Jackie Walker referred to Labour’s National Consitutional Committee over Holocaust Memorial Day comments
Disgraced Labour activist, Jackie Walker, who is currently suspended from the Labour Party, has had her case referred to the party’s National Consitutional Committee (NCC). The 11-member NCC has the power to expel individuals from the party. Walker was suspended by Labour in September 2016 following comments she made about Holocaust Memorial Day at the Labour Party Conference.
The JC reported that at a meeting of Labour’s National Executive Committee (NEC) in central London it was decided that the allegations were serious enough to push the hearing up to the party’s NCC.
The paper also reported that Marc Wadsworth has also had his hearing referred to the NCC. Wadsworth, a Labour activist, was suspended after accusing Jewish Labour MP Ruth Smeeth of conspiring with the media at the launch event of Baroness Chakrabarti’s whitewash report into antisemitism. Smeeth fled the event in tears whilst Chakrabarti and Jeremy Corbyn stood by inertly.
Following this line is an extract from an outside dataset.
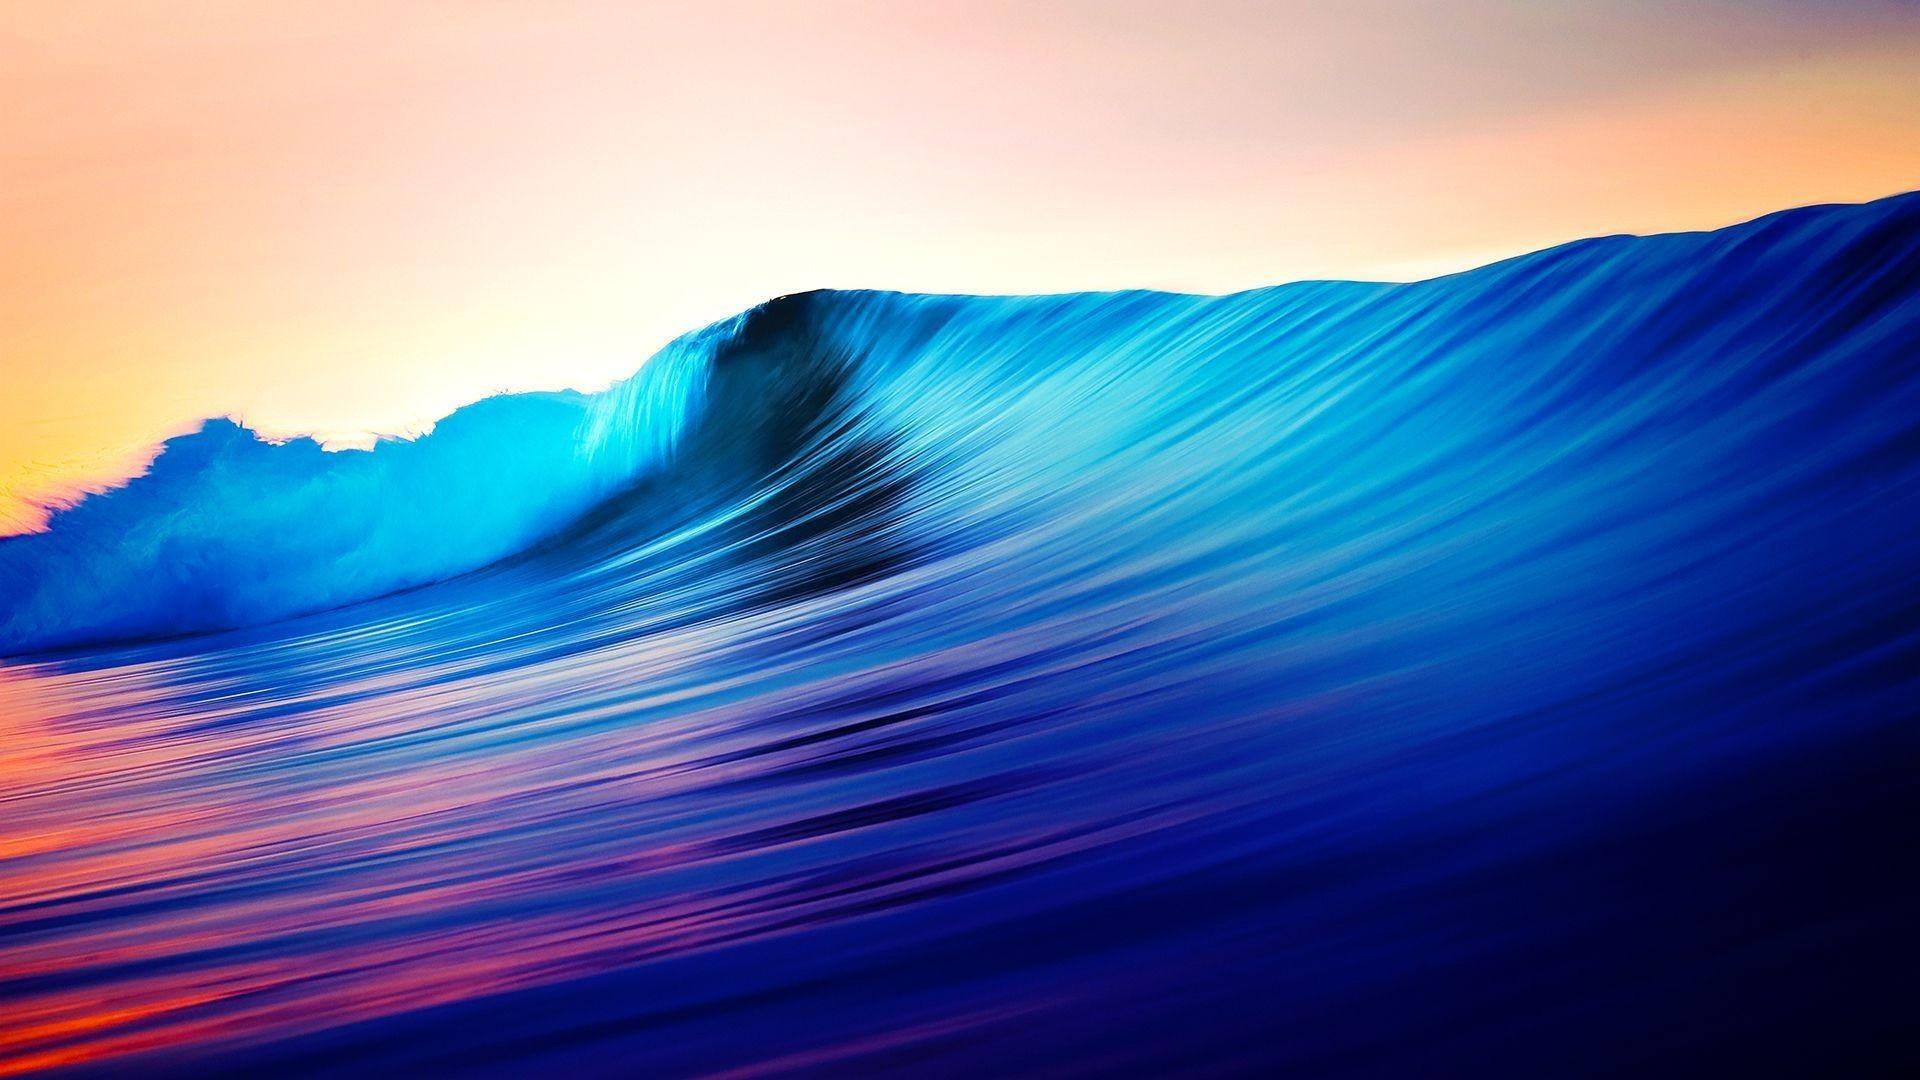 Oceans – Shiny Waves Sea Oceans Beautiful Nature Ocean Wallpaper Windows 7  for HD 16: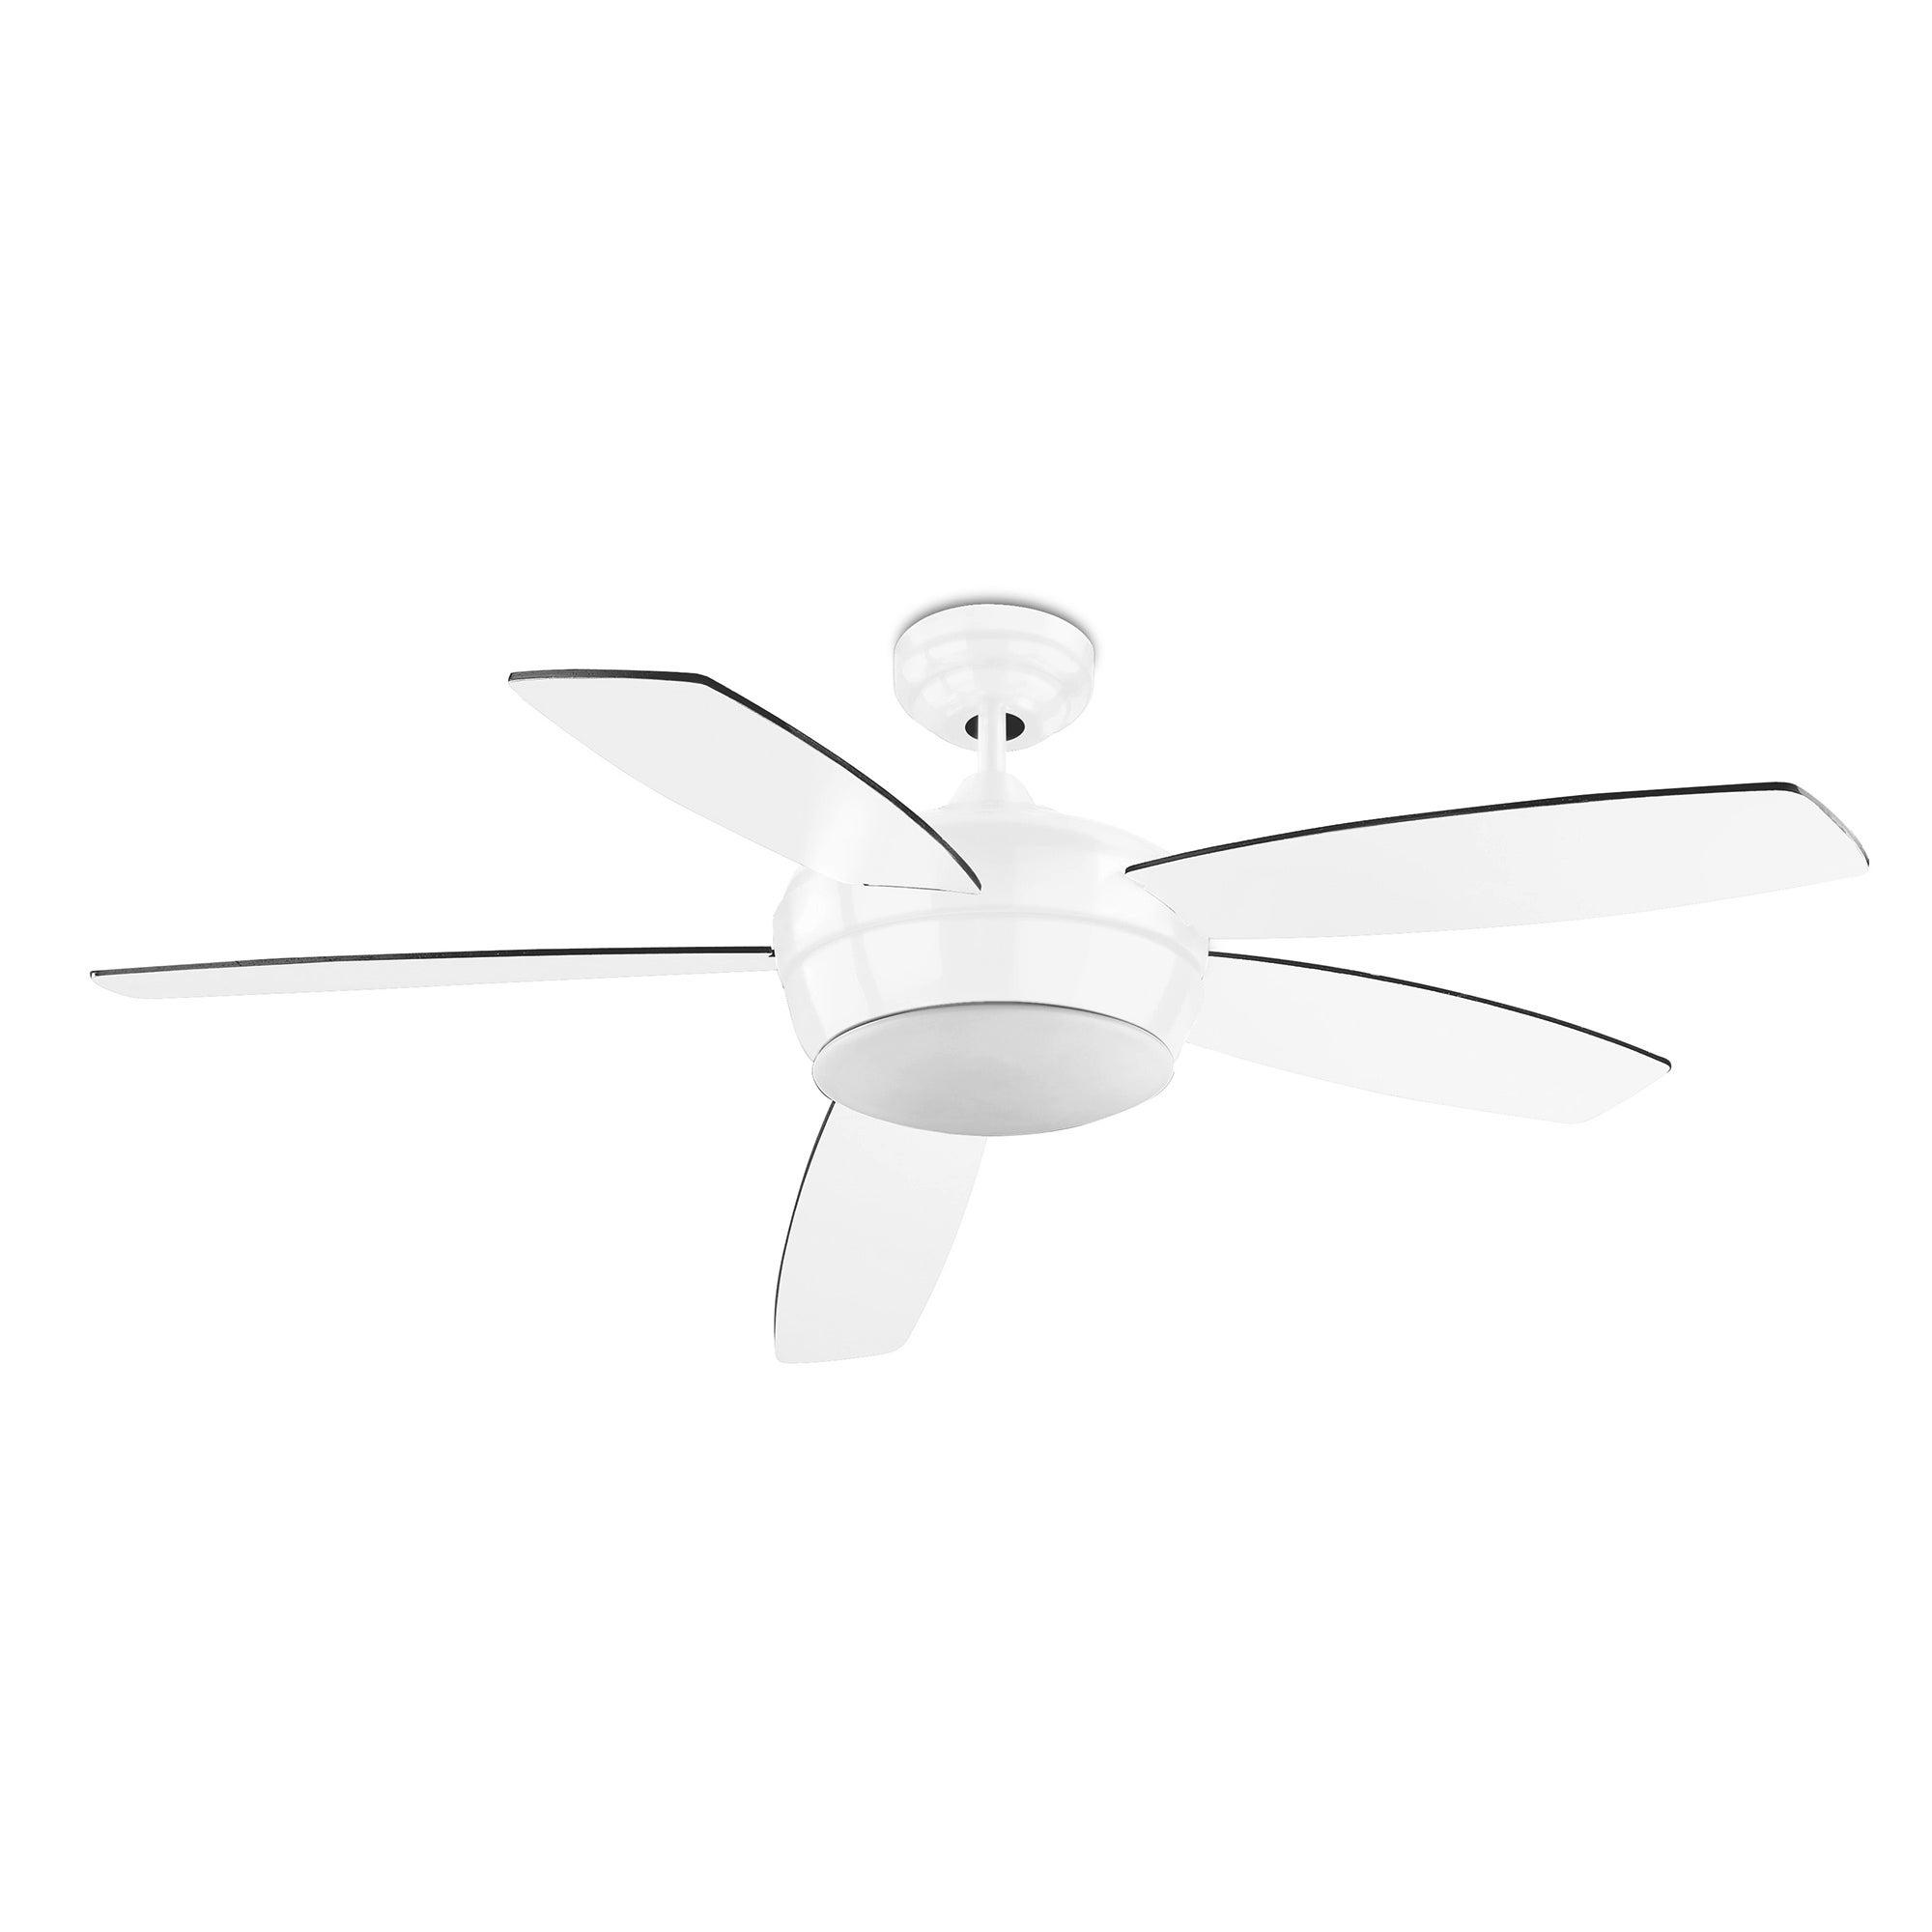 Ventilateur Plafond Blanc Leroy Merlin

At last year’s Labour conference in Liverpool, during a training session on tackling antisemitism, Walker said that Holocaust Memorial Day is not inclusive enough and that Jewish schools do not need special security.
Walker, a leading ally of Labour Party leader Jeremy Corbyn and the former Vice-Chair of the hard-left Momentum group, said that Holocaust Memorial Day should be “open to all peoples who’ve experienced Holocaust” and as delegates angrily heckled her, she told the room: “I was a bit concerned…at your suggestions that the Jewish community is under such threat that they have to use security in all its buildings…I have a grandson, he is a year old. There is security in his nursery and every school has security now. It’s not because I’m frightened or his parents are frightened that he is going to be attacked.” She earlier said that antisemitism was being “exaggerated” to “undermine Jeremy.”
Labour’s failure to act over allegations of antisemitism has been chilling. Campaign Against Antisemitism hopes that this time with Walker and Wadsworth it will be different. However, with Labour’s appalling track record, we have little confidence.
It is worth noting that although the egregious behaviour of Jackie Walker appears, finally, to be being dealt with, even longer standing disciplinary cases, such as those of Ken Livingstone’s offensive claims that Hitler supported Zionism and the antisemitic members of the Oxford University Labour Club, are still waiting to be heard. Many more remain cloaked in secrecy under the terms of the notorious Chakrabarti report.
This reluctance has provided a fetid place for antisemitism to breed, and that delay has in itself allowed older antisemitic conspiracy theories to flourish, such as the conspiracy myth that the Rothschild family exerts financial control over central banks.
We hope that justice will be done, and be seen to be done, however, with Labour’s appalling track record we have little confidence that it will be.